Di sejumlah daerah di Aceh, terutama di pedesaan,
dalail khairat masih sering dilakukan masyarakat Aceh. Tapi di kota-kota besar,
hampir sebagian masyarakat tidak tahu dengan syair ini, yang merupakan bagian
dari budaya Aceh. Terutama generasi muda sekarang.
Dalail khairat merupakan budaya Arab yang sudah lama
berkembang di Aceh. Tidak diketahui pasti kapan budaya ini pertama kali masuk
ke Aceh. Dalail khairat ini digunakan sebagai alat untuk berzikir dan memuji
sang Maha pencipta.
“Dalae nyan treb that kana. Peu thon hana tatujan,
peu abad hana tateupe (dalail itu sudah ada sejak lama, tahun dan abad berapa
tidak diketahui). Tapi sejak saya kecil, sudah ada, yang dibacakan di
meunasah-meunasah,” jelas Ibrahim Ismail, tokoh masyarakat di Tungkop, Aceh
Besar.
Walaupum kadang-kadang, dalam dalail diselipkan
bacaan-bacaan like/dike, namun bukan berarti dalail ini sama dengan dike/like.
Likee/dike (zikir) maulid, hanya ada ketika kenduri maulid Nabi yang
dilaksanakan pada bulan Rabiul Awal, tahun Hijriyah. Isi likee maulid
menceritakan sejarah kelahiran Nabi Muhammad yang dibaca dalam kasidah dan
tharih.
“Dalam dalail, banyak bacaan yang dibaca dan semua
itu sudah dikumpulkan dalam satu buku.

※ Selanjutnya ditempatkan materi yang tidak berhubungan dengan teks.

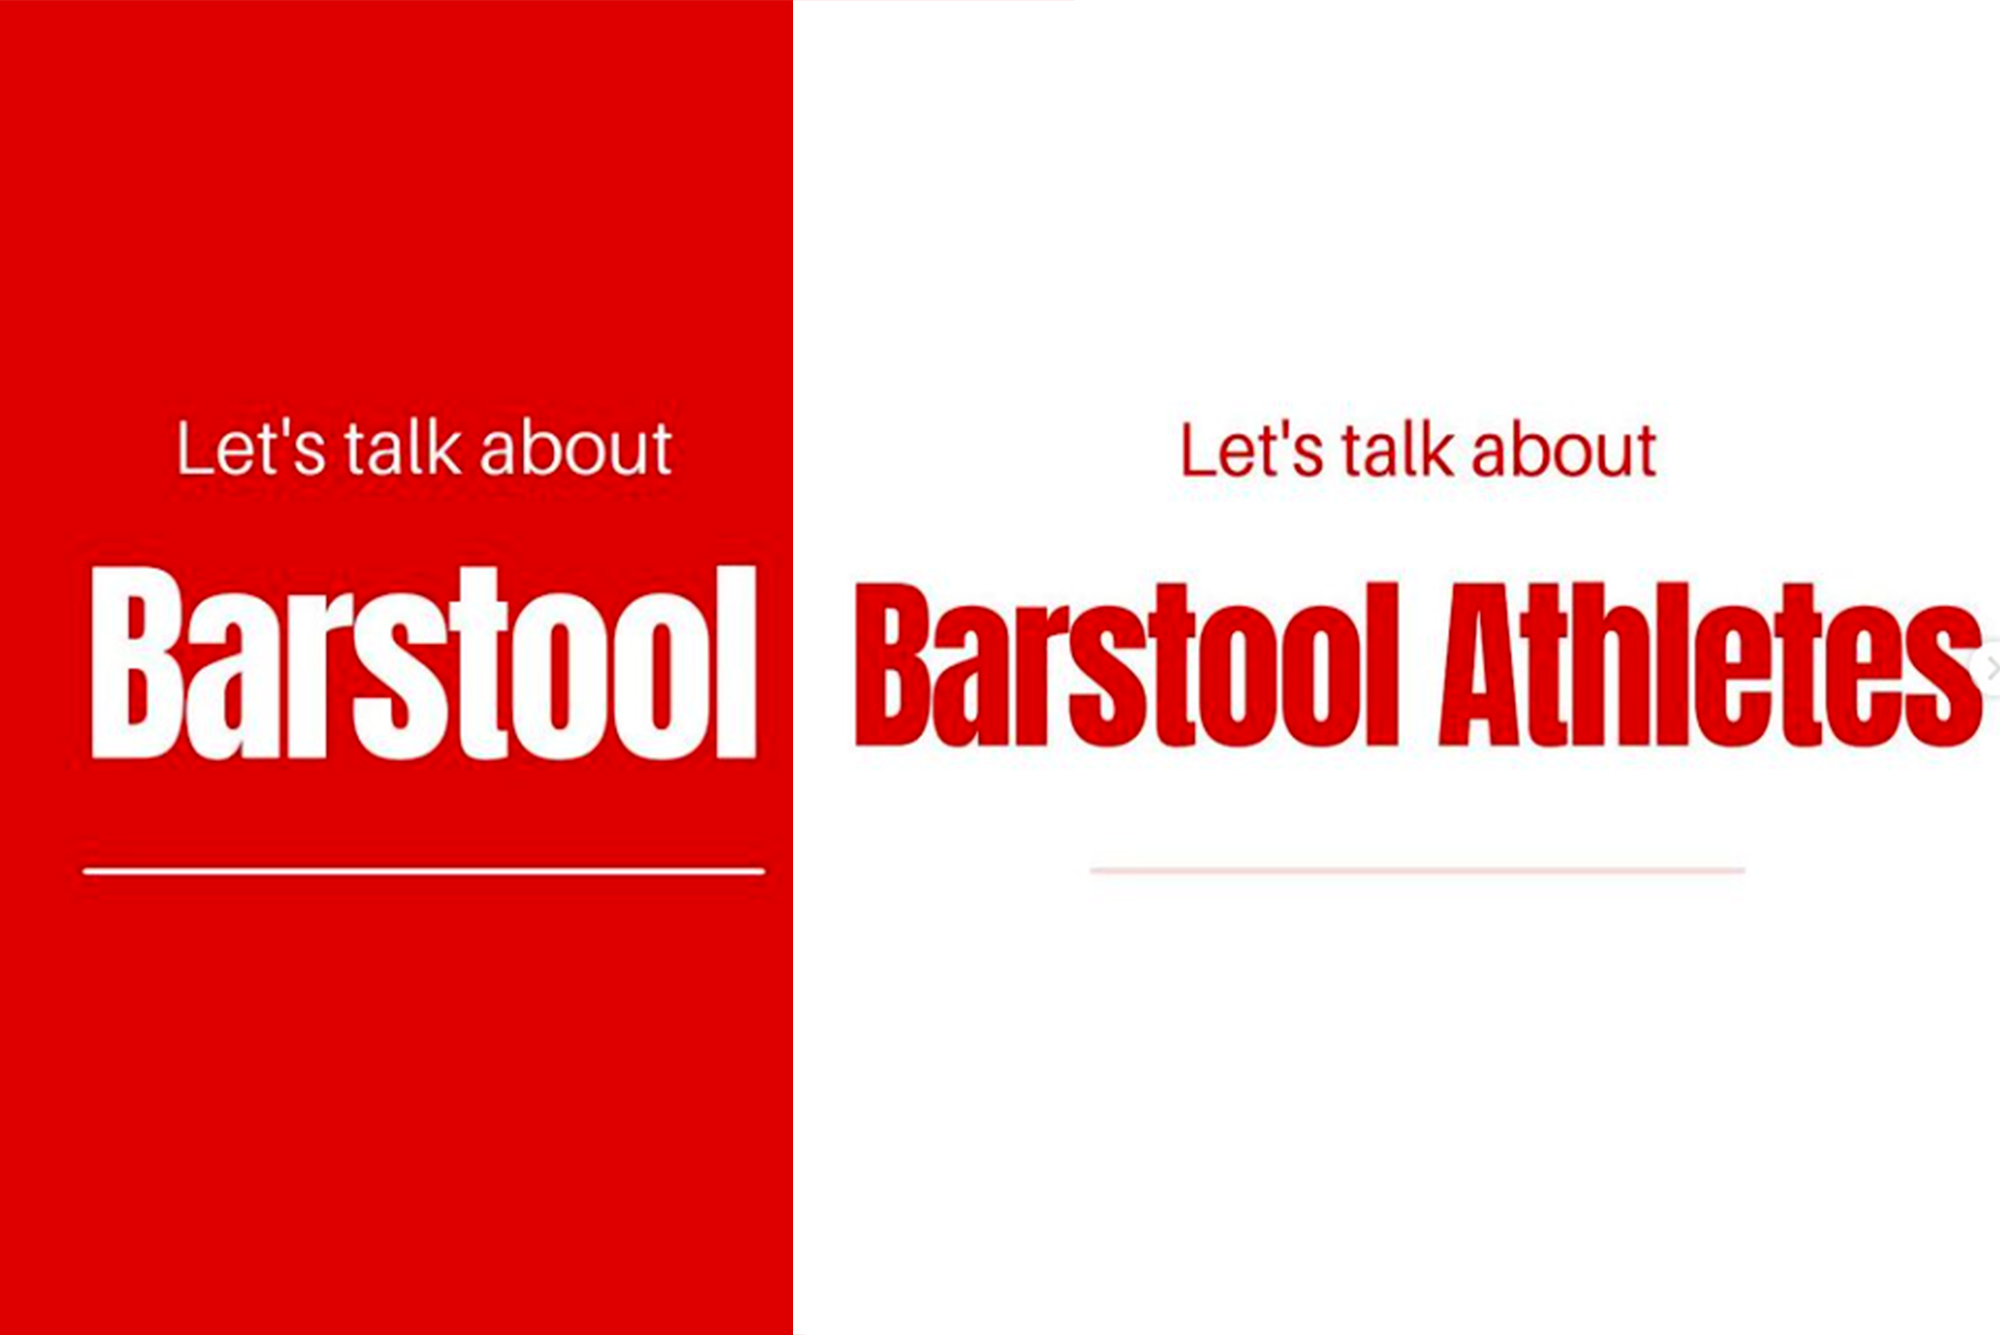 composite image of screenshots from BU's It's On Us Instagram. Words on red background read: "Let's talk about Barstool" and words on white background read "Let's talk about Barstool Athletes"

Isinya mencakup asmaul husna, selawat,
doa dan ada juga kasidahnya,” ungkap Ibrahim Ismail.
Dalail sering kali dilaksanakan pada malam hari.
Biasanya, tiap-tiap daerah memiliki ketentuan masing-masing. Di beberapa
tempat, latihan dalail dilakukan di
meunasah, mushalla, masjid dan balai-balai pengajian setiap malam jumat setelah
shalat isya. Jumlah anggota tidak dibatasi, tergantung keinginan masyarakat
yang mau bergabung tanpa ada batasan usia. Lama waktunya, ditentukan jumlah
syair yang dilantunkan.
“Biasanya, kelompok dalail ini dipimpin seorang
syeh. Setelah syeh memulai melafatkan setiap bait syair dengan irama tertentu,
kemudian diikuti oleh anggota lainnya. Lama waktu yang dihabiskan setiap kali
dalail, bisa mencapai tiga sampai empat jam. Bahkan bisa lebih,” kata Ibrahim.

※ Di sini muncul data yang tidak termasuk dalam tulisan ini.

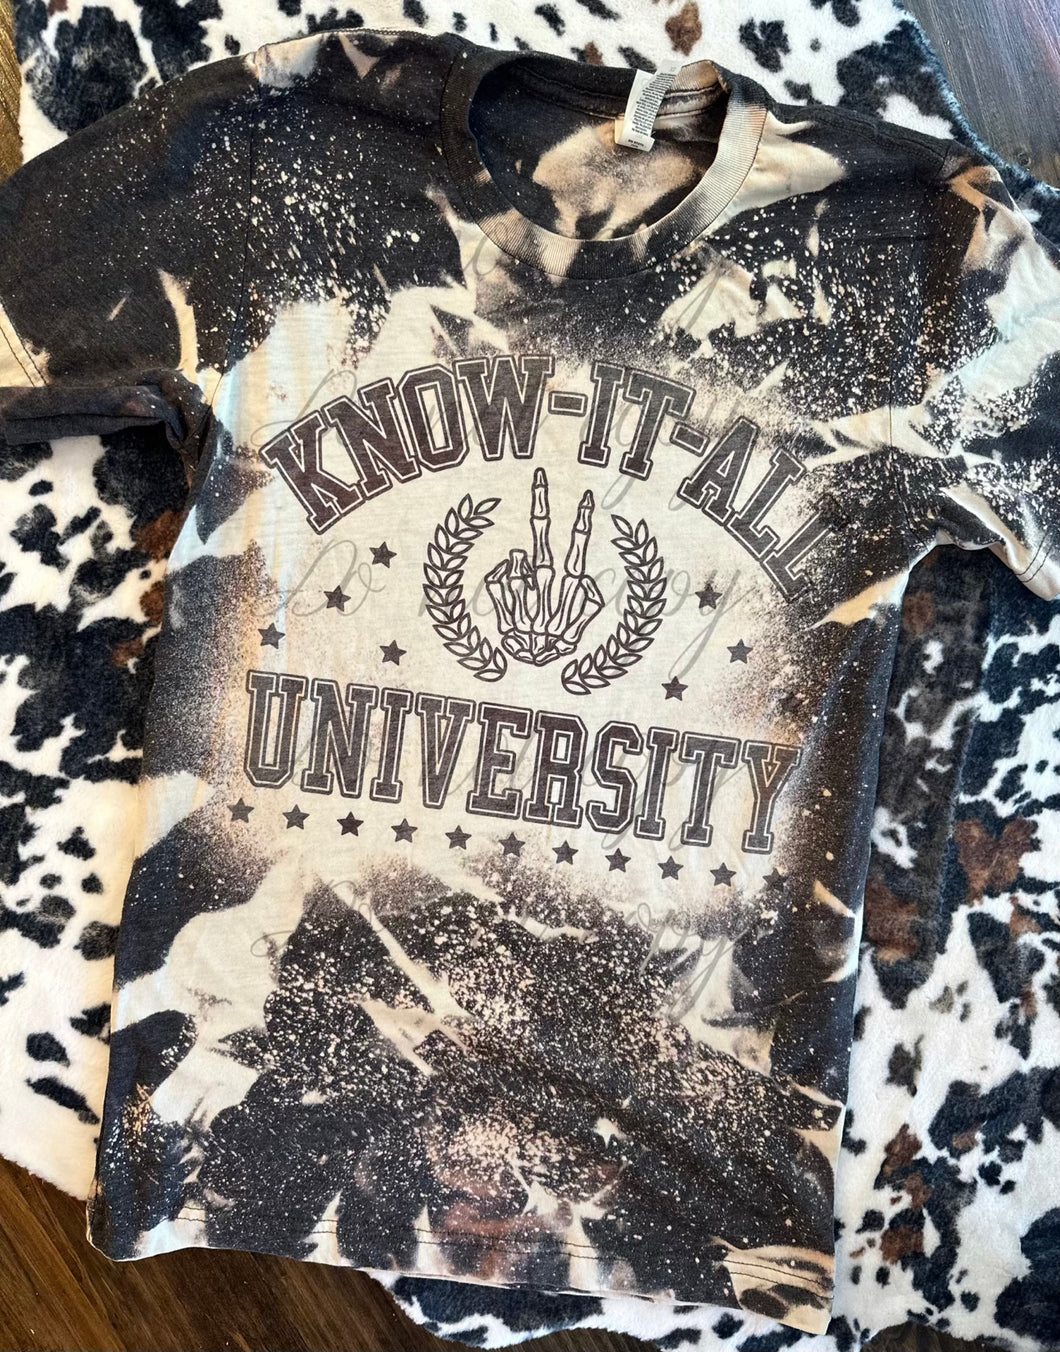 Bleached Know-it-all university graphic tee or sweatshirt graphic tee or sweatshirt - Mavictoria Designs Hot Press Express

Kelompok dalail khairat ini, sering diundang untuk
meramaikan pada acara pernikahan dan
orang meninggal. Selain itu, dalail khairat juga ikut diperlombakan, seperti
beberapa waktu yang lalu. Tidak hanya diikuti oleh santri dayah yang sudah
biasa dengan lafat dalail, tapi juga di ikuti oleh kelompok-kelompok yang
mewakili gampong-gampong.
“Dalail khairat bisa dipelajari semua orang. Asal
mereka bisa membaca Al Quran, pasti bisa mengikuti syair dalail,” tutur Ibrahim
Ismail.
Bacaan dalam dalail tidak hanya menggunakan bahasa
Arab, tapi juga dipadukan dengan bahasa Aceh. Sebagaimana yang telah dikukuhkan
dalam kitab kecil karangan Syeh Hasan Sajli. Sehingga, yang mempelajarinya
menjadi mudah. Ini merupakan bentuk dari perpaduan budaya Arab dan Aceh.

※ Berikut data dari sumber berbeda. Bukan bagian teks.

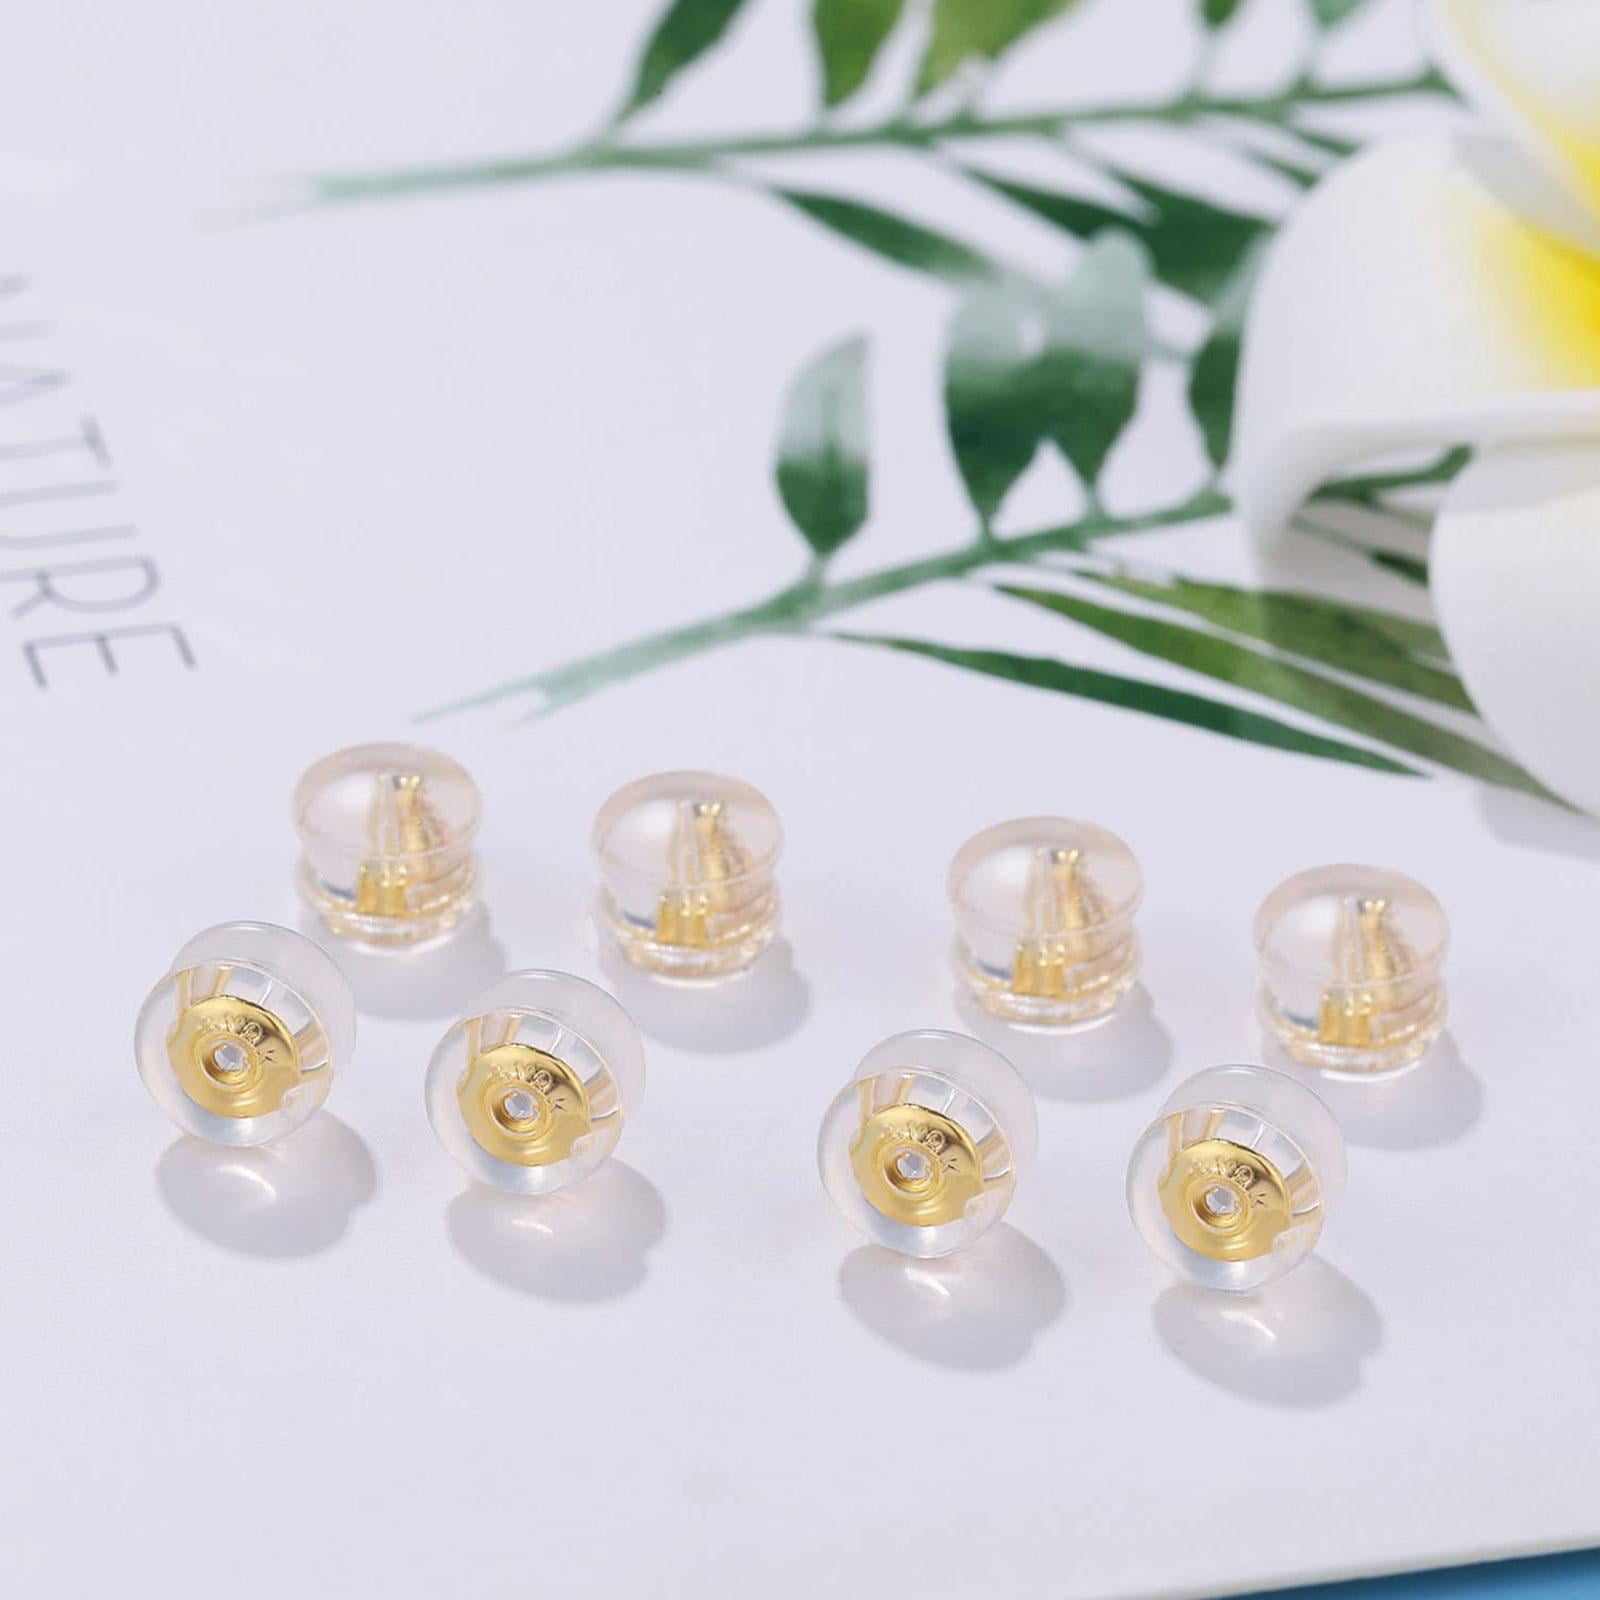 20pcs Secure Earring Backs for Heavy Earrings Stoppers Plastic Discs Gold  Plated – Tacos Y Mas

“Yang dibaca dalam dalail itu, Al Fatihah, shalawat,
doa minta ampun, ayat kursi, asmaul husna dan kasidah burden,” ujar Takdir
Feriza, mahasiswa Institut Agama Islam Negeri (IAIN) Ar-Raniry Banda Aceh, yang
sudah mengenal dan mempelajari dalail sejak kecil.
Menurut Takdir, waktu dia mengaji dulu, setiap santri
laki-laki diwajibkan bisa melantunkan dalail. “Karena sudah terbiasa dari
kecil, saya masih ingat syairnya sampai sekarang,” katanya, sambil tersenyum.
Karena kepandaian dan suara merdu yang dimilikinya
dalam melantunkan syair-syair dalail, Takdir sering ditunjuk sebagai syeh.
Kelompok dalail mereka juga sering dipanggil saat ada pesta perkawinan dan
orang meninggal. Tapi, mereka tidak pernah meminta bayaran.
Pada orang meninggal, dilakukan pada malam
kesebelas. Dimulai setelah doa samadiah, dengan peserta tidak terbatas. Lama
waktunya bisa mencapai dua jam lebih. Tapi, pada saat lomba, pesertanya
dibatasi sepuluh sampai duabelas orang. Waktunya pun terbatas, hanya 30 menit.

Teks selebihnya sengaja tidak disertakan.